My talk in Amsterdam tomorrow (Wed 29 Oct): Can we use Bayesian methods to resolve the current crisis of statistically-significant research findings that don’t hold up?

The talk is at the University of Amsterdam in the Diamantbeurs (Weesperplein 4, Amsterdam), room 5.01, at noon.

Here’s the plan:

Can we use Bayesian methods to resolve the current crisis of statistically-significant research findings that don’t hold up?

In recent years, psychology and medicine have been rocked by scandals of research fraud. At the same time, there is a growing awareness of serious flaws in the general practices of statistics for scientific research, to the extent that top journals routinely publish claims that are implausible and cannot be replicated. All this is occurring despite (or perhaps because of?) statistical tools such as Type 1 error control that are supposed to restrict the rate of unreliable claims. We consider ways in which prior information and Bayesian methods might help resolve these problems.

I don’t know how organized this talk will be. It combines a bunch of ideas that have been floating around recently. Here are a few recent articles that are relevant:

[2014] When do stories work? Evidence and illustration in the social sciences. {\em Sociological Methods and Research}. (Andrew Gelman and Thomas Basboll)

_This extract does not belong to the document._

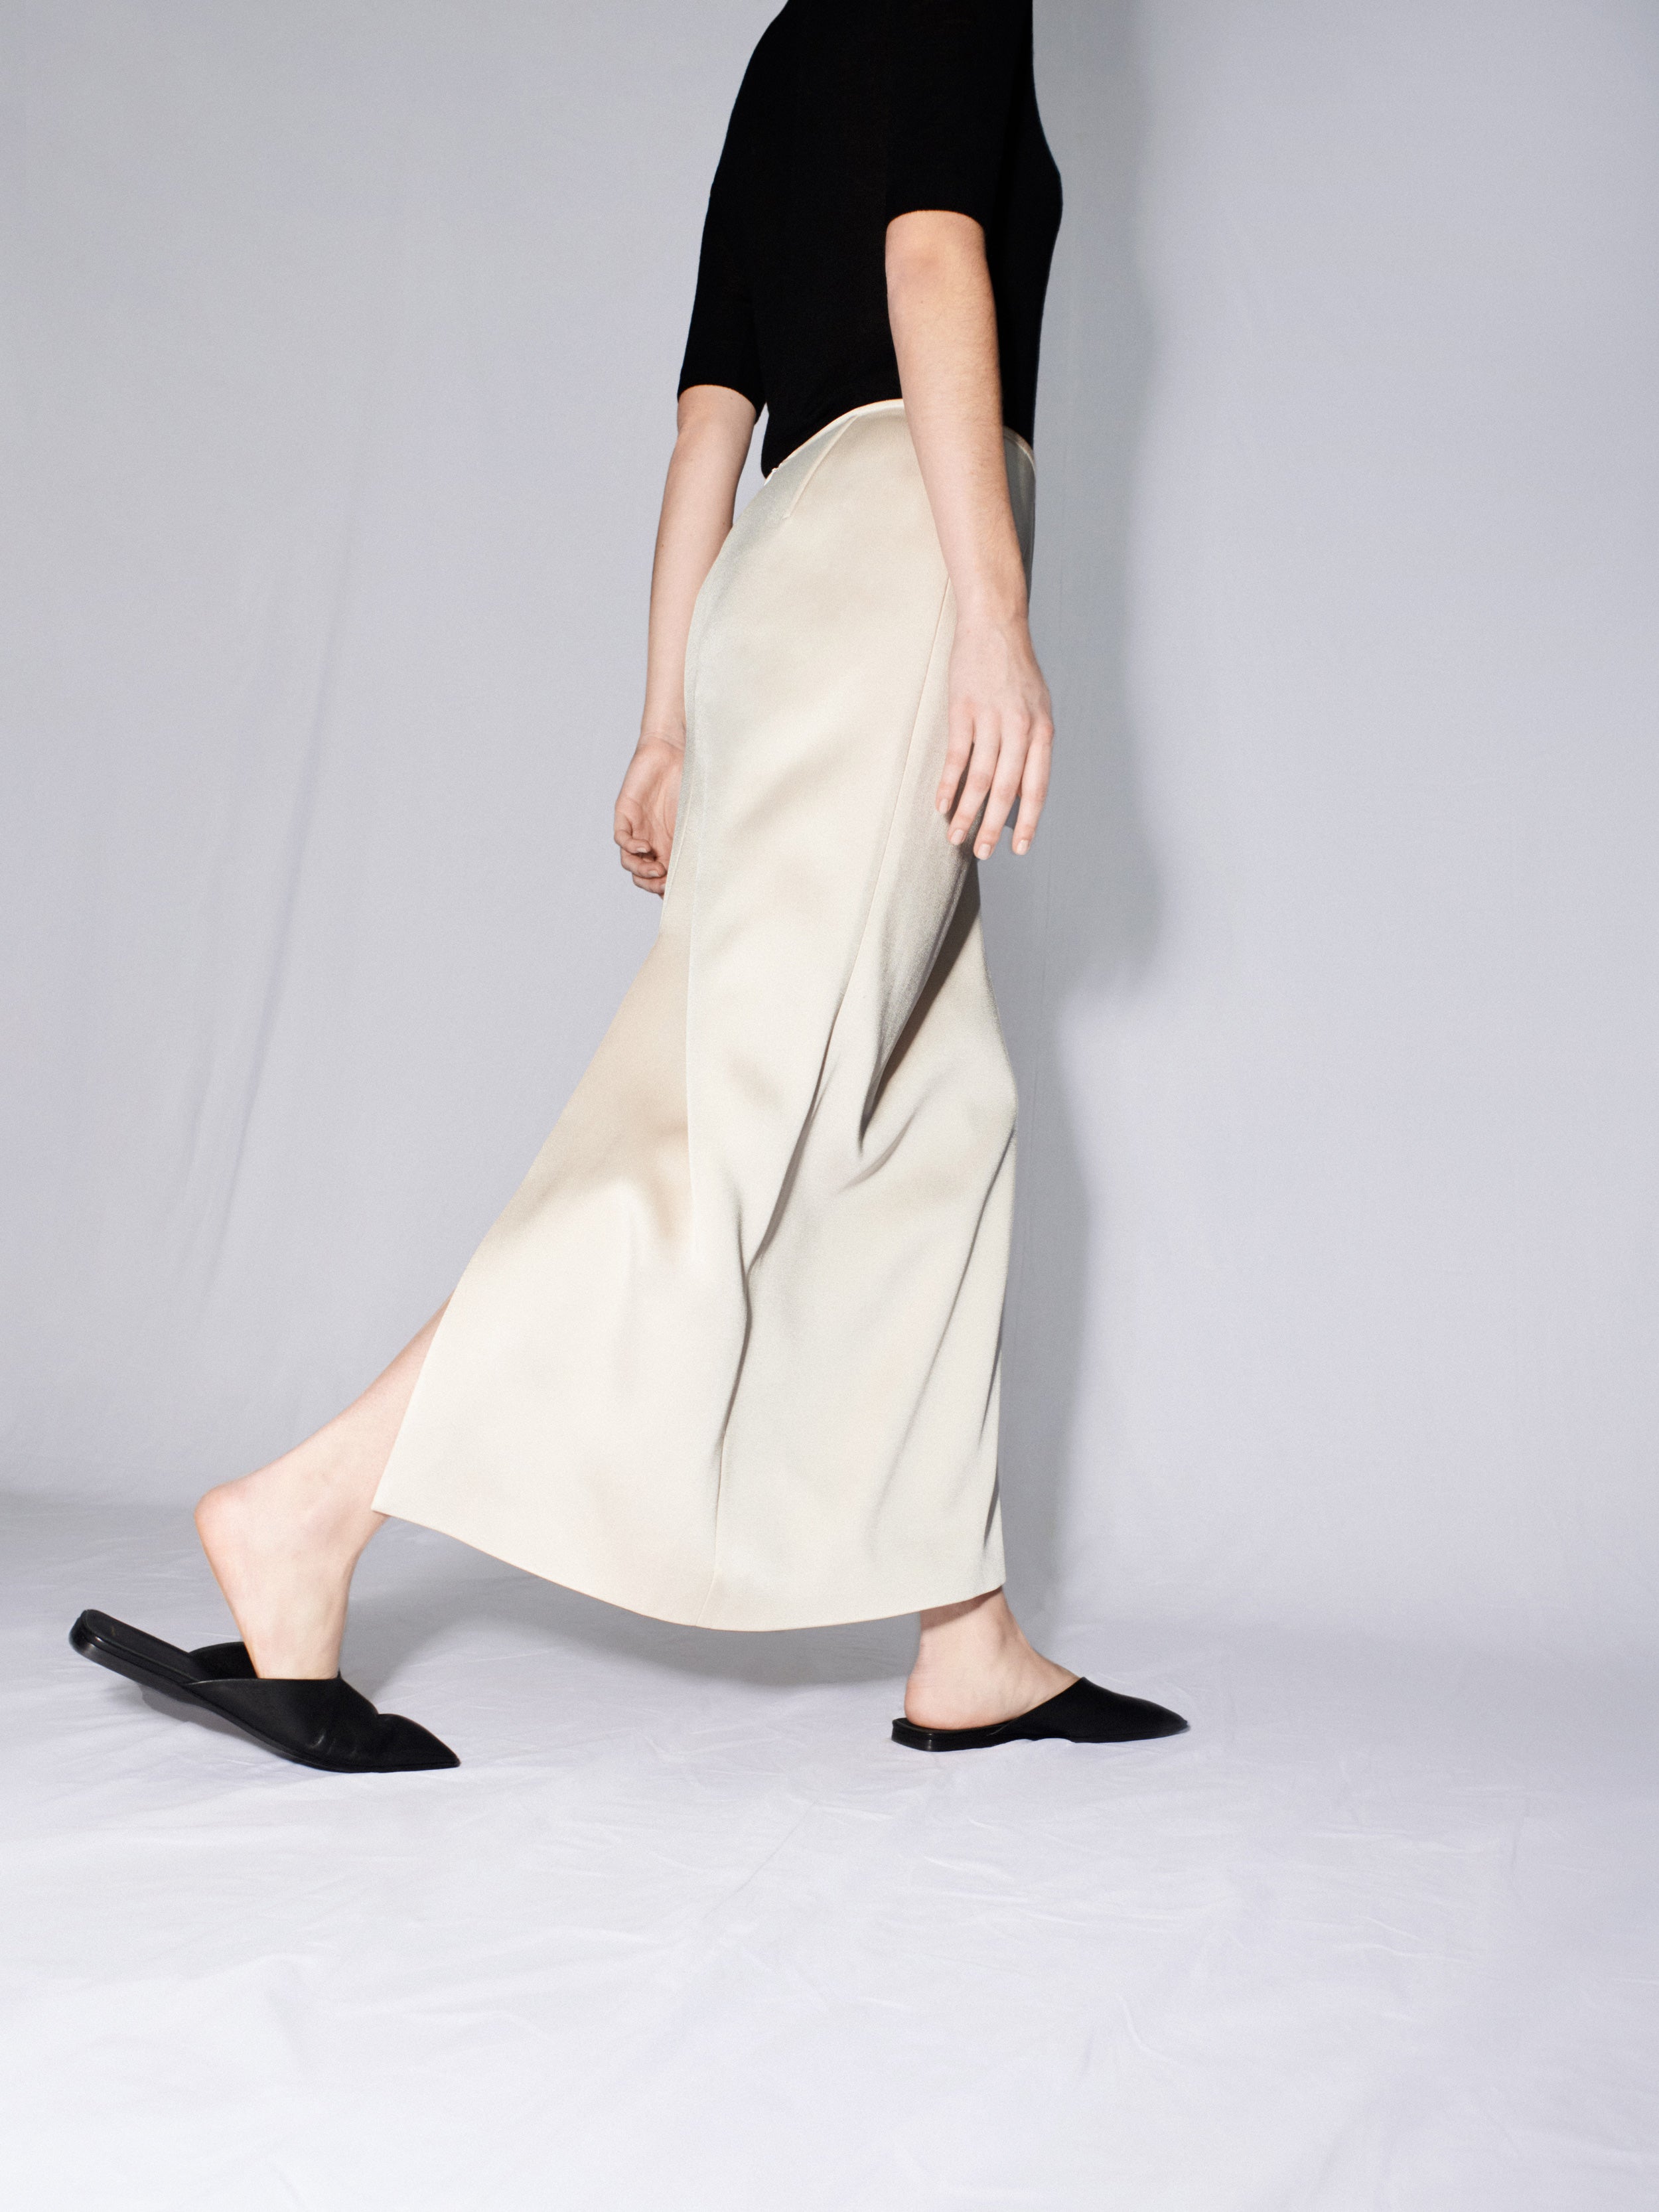 Carven Women's ready-to-wear | Long skirt in satin

[2014] The AAA tranche of subprime science. {\em Chance}. (Andrew Gelman and Eric Loken)

[2014] The connection between varying treatment effects and the crisis of unreplicable research: A Bayesian perspective. {\em Journal of Management}. (Andrew Gelman)

[2013] Is it possible to be an ethicist without being mean to people? {\em Chance} {\bf 26} (4). (Andrew Gelman)

[2013] It’s too hard to publish criticisms and obtain data for replication. {\em Chance} {\bf 26} (3), 49–52. (Andrew Gelman)

[2013] Convincing evidence. For a volume on theoretical or methodological research on authorship, functional roles, reputation, and credibility on social media, ed.\ Sorin Matei and Elisa Bertino. (Andrew Gelman and Keith O’Rourke)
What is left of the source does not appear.